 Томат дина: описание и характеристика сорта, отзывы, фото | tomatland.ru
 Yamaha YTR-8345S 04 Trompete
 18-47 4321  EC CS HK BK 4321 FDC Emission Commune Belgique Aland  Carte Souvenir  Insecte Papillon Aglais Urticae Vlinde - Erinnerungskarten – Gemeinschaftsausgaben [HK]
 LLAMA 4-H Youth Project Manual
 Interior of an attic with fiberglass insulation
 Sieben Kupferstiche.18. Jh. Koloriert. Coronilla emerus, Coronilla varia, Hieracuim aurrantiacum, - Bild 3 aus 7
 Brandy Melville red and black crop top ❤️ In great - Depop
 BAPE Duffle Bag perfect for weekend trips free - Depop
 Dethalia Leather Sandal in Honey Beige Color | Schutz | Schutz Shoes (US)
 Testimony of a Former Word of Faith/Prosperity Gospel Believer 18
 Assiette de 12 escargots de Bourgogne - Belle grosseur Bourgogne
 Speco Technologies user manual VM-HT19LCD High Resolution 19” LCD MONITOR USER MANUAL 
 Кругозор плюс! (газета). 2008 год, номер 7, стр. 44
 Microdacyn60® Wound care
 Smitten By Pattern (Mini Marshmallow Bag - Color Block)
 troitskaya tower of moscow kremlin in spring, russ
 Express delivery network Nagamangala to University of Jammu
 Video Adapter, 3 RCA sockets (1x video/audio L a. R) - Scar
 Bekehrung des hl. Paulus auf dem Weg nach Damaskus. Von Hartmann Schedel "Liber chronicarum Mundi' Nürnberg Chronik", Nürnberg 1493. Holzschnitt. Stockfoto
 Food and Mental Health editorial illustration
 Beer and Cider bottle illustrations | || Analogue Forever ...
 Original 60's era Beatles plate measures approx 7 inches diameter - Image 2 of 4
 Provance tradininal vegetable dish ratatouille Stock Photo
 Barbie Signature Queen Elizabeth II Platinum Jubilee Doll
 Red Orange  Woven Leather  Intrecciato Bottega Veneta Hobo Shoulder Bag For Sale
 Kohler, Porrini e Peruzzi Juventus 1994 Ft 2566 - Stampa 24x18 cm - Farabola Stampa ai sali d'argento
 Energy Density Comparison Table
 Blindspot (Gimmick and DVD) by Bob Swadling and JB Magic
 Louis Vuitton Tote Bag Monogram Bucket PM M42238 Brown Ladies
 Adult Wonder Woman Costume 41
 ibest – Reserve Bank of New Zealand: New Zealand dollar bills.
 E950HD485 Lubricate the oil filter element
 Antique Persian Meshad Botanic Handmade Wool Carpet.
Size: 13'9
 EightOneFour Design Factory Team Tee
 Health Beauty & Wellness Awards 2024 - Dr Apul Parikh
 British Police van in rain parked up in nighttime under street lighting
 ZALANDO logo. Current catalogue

▶ [Brief]: Your output should consist solely of the lines from the beginning of the entries through the line containing "Testimony of a", reproduced exactly.

▶ [Solution to this task]:
 Томат дина: описание и характеристика сорта, отзывы, фото | tomatland.ru
 Yamaha YTR-8345S 04 Trompete
 18-47 4321  EC CS HK BK 4321 FDC Emission Commune Belgique Aland  Carte Souvenir  Insecte Papillon Aglais Urticae Vlinde - Erinnerungskarten – Gemeinschaftsausgaben [HK]
 LLAMA 4-H Youth Project Manual
 Interior of an attic with fiberglass insulation
 Sieben Kupferstiche.18. Jh. Koloriert. Coronilla emerus, Coronilla varia, Hieracuim aurrantiacum, - Bild 3 aus 7
 Brandy Melville red and black crop top ❤️ In great - Depop
 BAPE Duffle Bag perfect for weekend trips free - Depop
 Dethalia Leather Sandal in Honey Beige Color | Schutz | Schutz Shoes (US)
 Testimony of a Former Word of Faith/Prosperity Gospel Believer 18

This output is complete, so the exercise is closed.